You may have wondered what this was but shrugged it off as just part of the deal. Then, you find out that someone else may actually have a legal claim to the property you want to buy. What do you do now?
Dark clouds have gathered over the property
These claims, which can include old mortgages, heirs of a prior owner who never received notice of the death or old tax liens, could place "clouds" on the title. These clouds can prevent you from truly owning the property, and you would more than likely not be able to receive title insurance as a result.
Quieting the storm
This is where a quiet title action comes into play. In such a court proceeding, you ask the court to "quiet" all other claims to the property. Essentially, the court rules that, from the entry date of the order, any prior claims of ownership to the property no longer exist.
Going through this process can be especially important after a tax or foreclosure sale. Previous owners, lenders and taxing authorities may be able to come back at a later time and stake a claim to the property otherwise. A successful quiet title action ensures that you have complete legal ownership of the property.
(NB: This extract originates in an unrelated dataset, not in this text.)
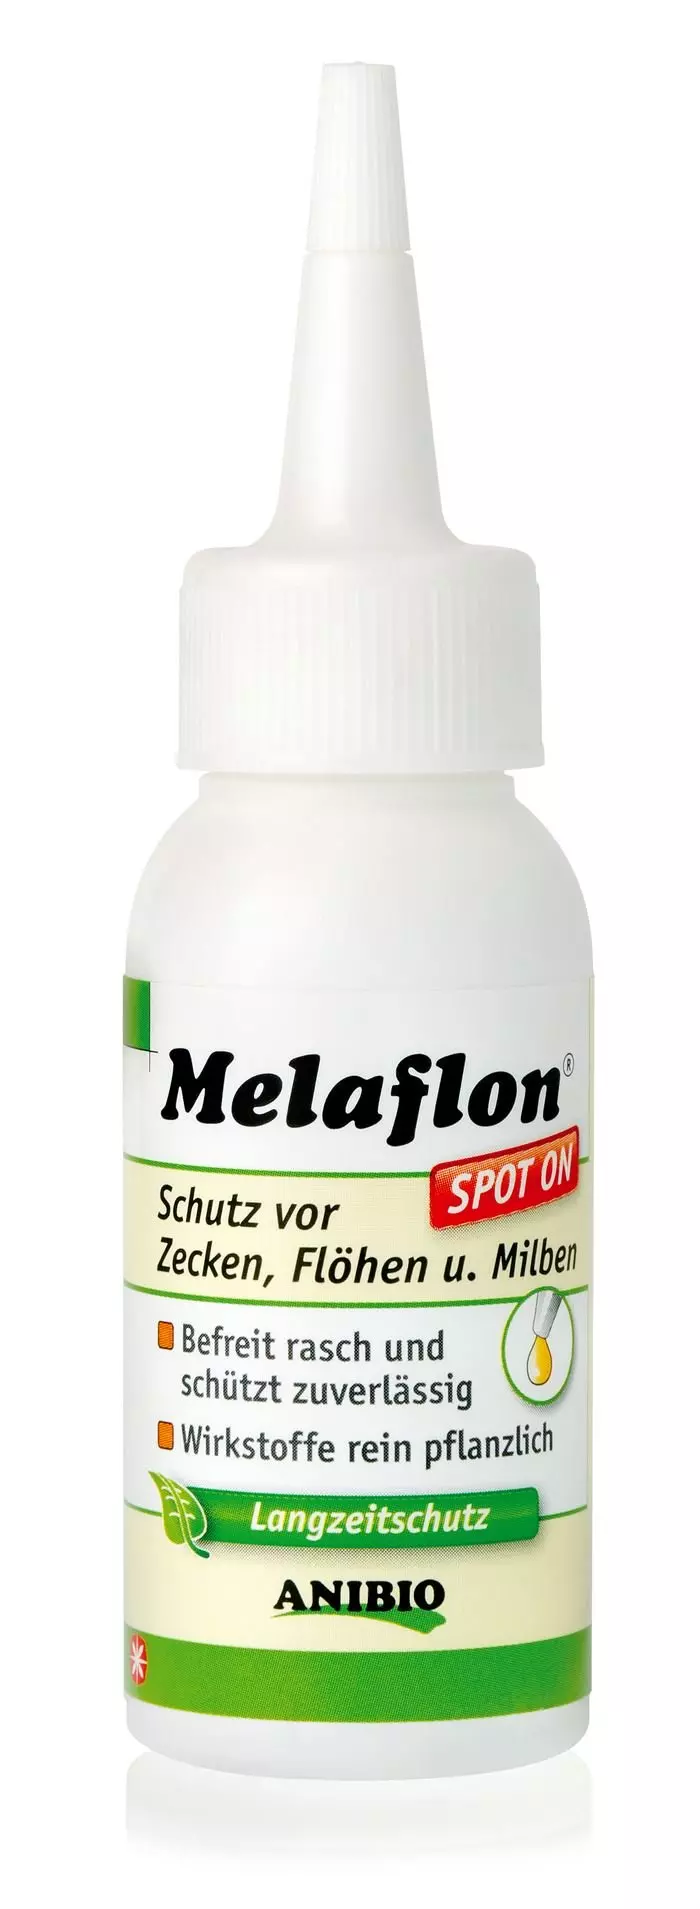 Anibio Melaflon Spot-On For Dogs And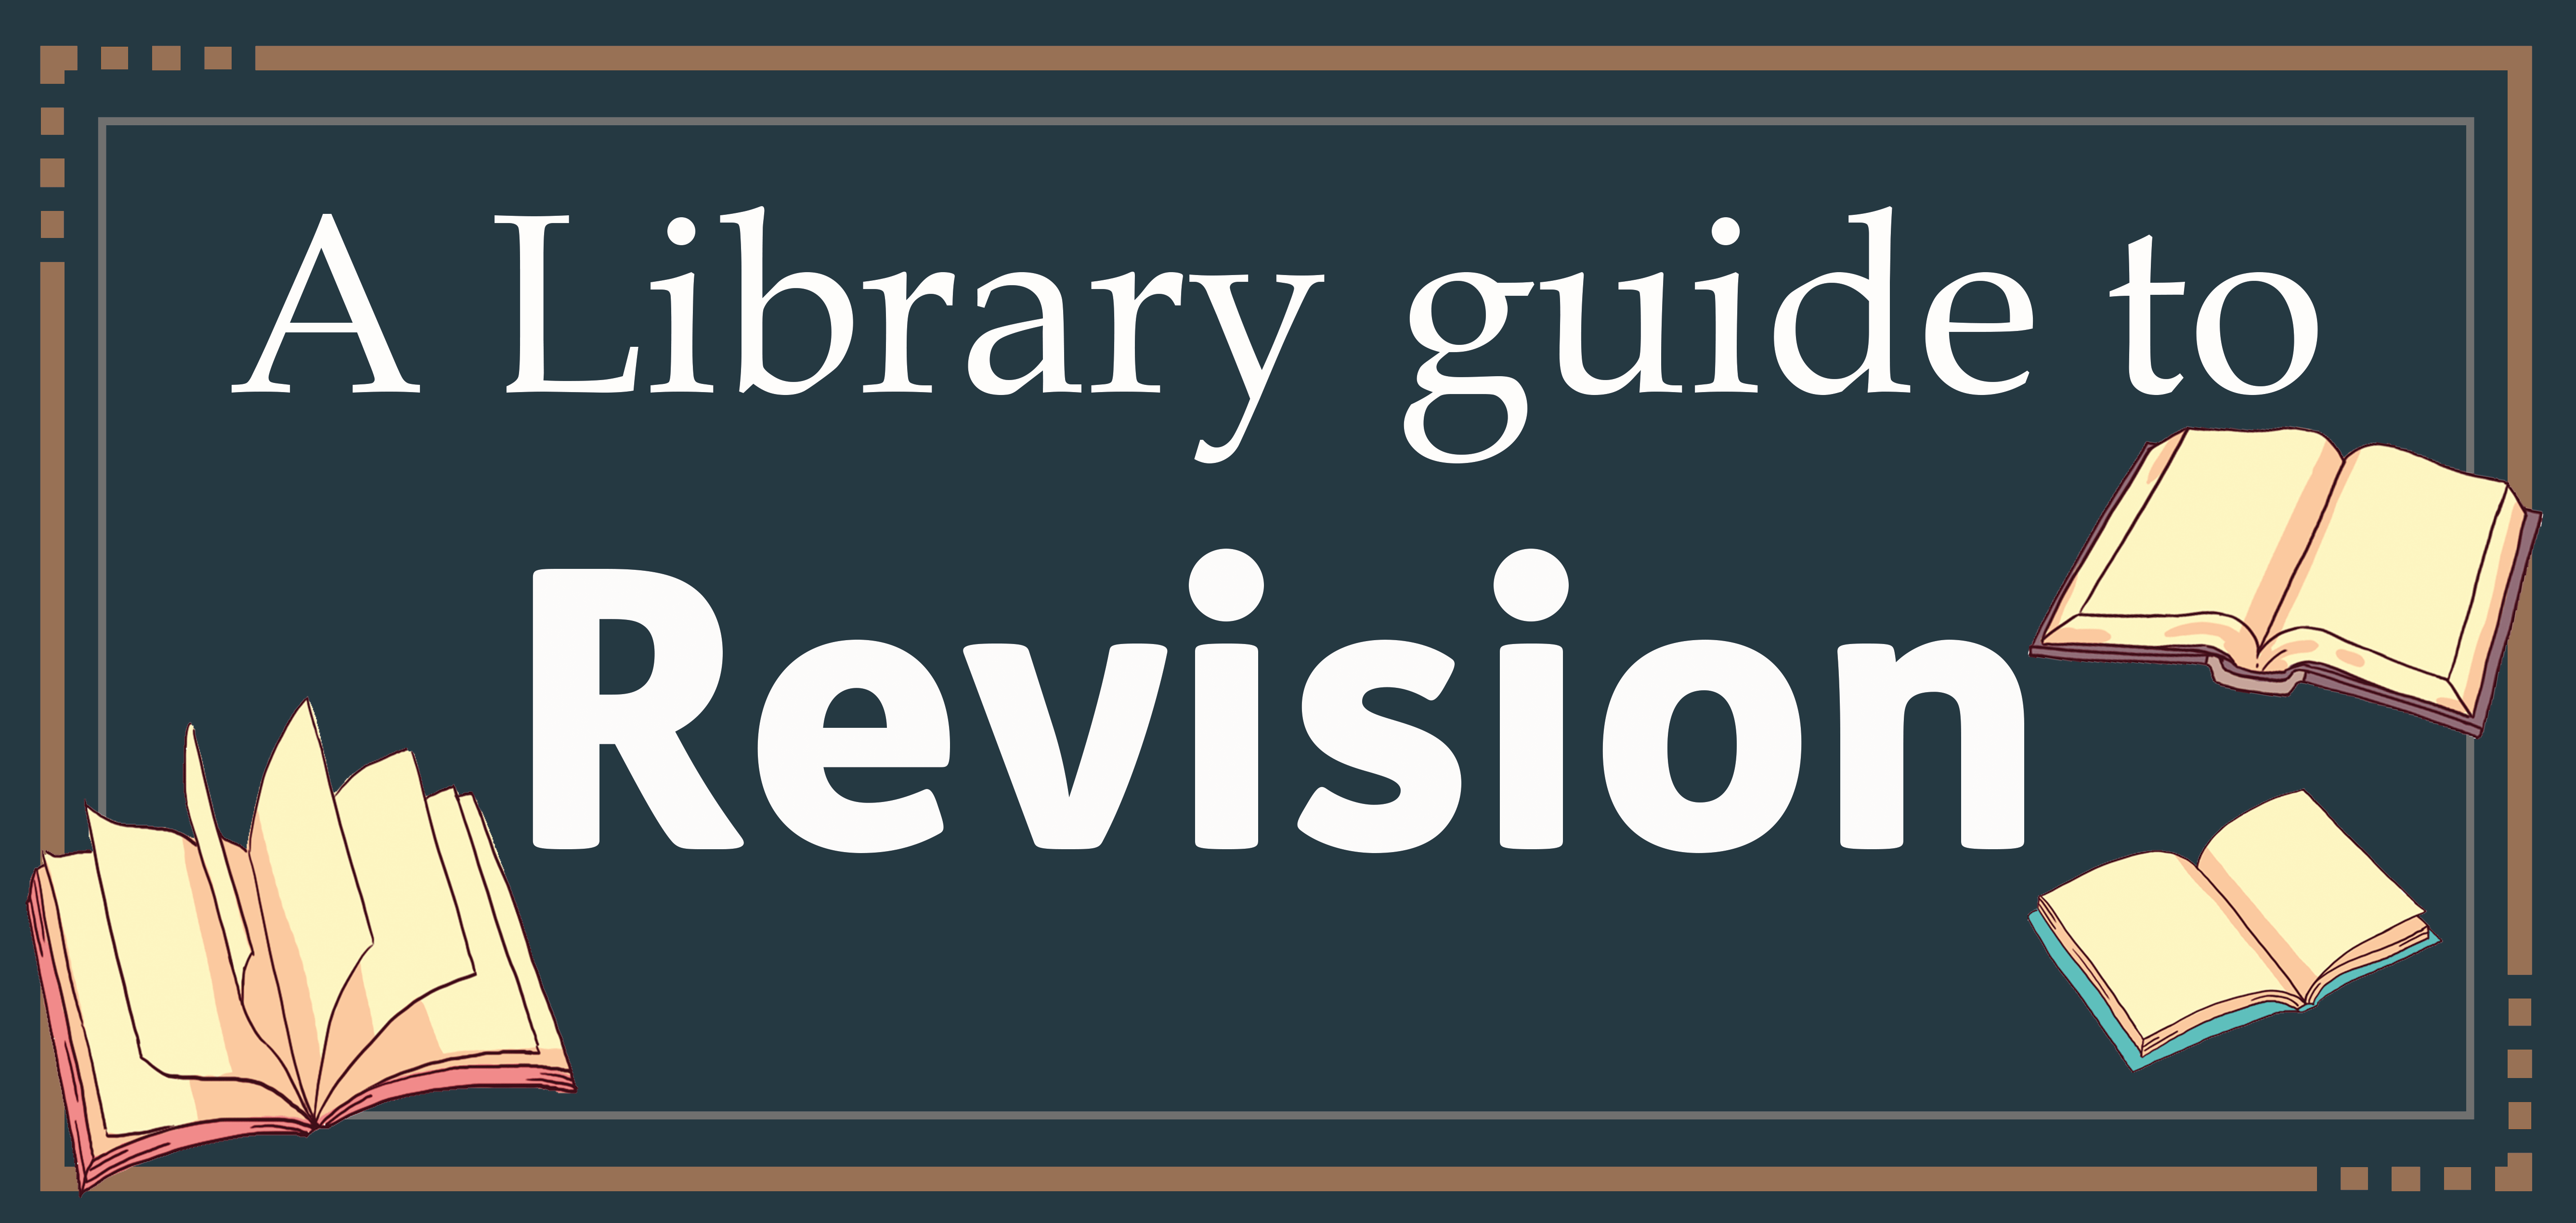 A library guide to revision

Facilitating the winds of change
Nearly every quiet title action involves the following steps:
- The filing of a petition with the court
- Notification of all defendants
- Wait for the defendants' response time to run
If no one responds to the action, the court clears your title by default. You may wonder how much it will cost you to have this done. It will vary, depending on the circumstances and your location. However, the upfront costs of settling these matters are often much less than dealing with a problem that could arise in the future.
Once you receive an order from the court, you may need to take additional steps in order to clean up the real estate records to reflect the court's order.
Once you take these steps, you can proceed with your purchase, knowing that you will come out of it with full, unchallenged ownership of the property. That is, if you handled everything properly. In order to help ensure that nothing goes wrong, you may want to bring in someone experienced in real estate matters and quiet title actions.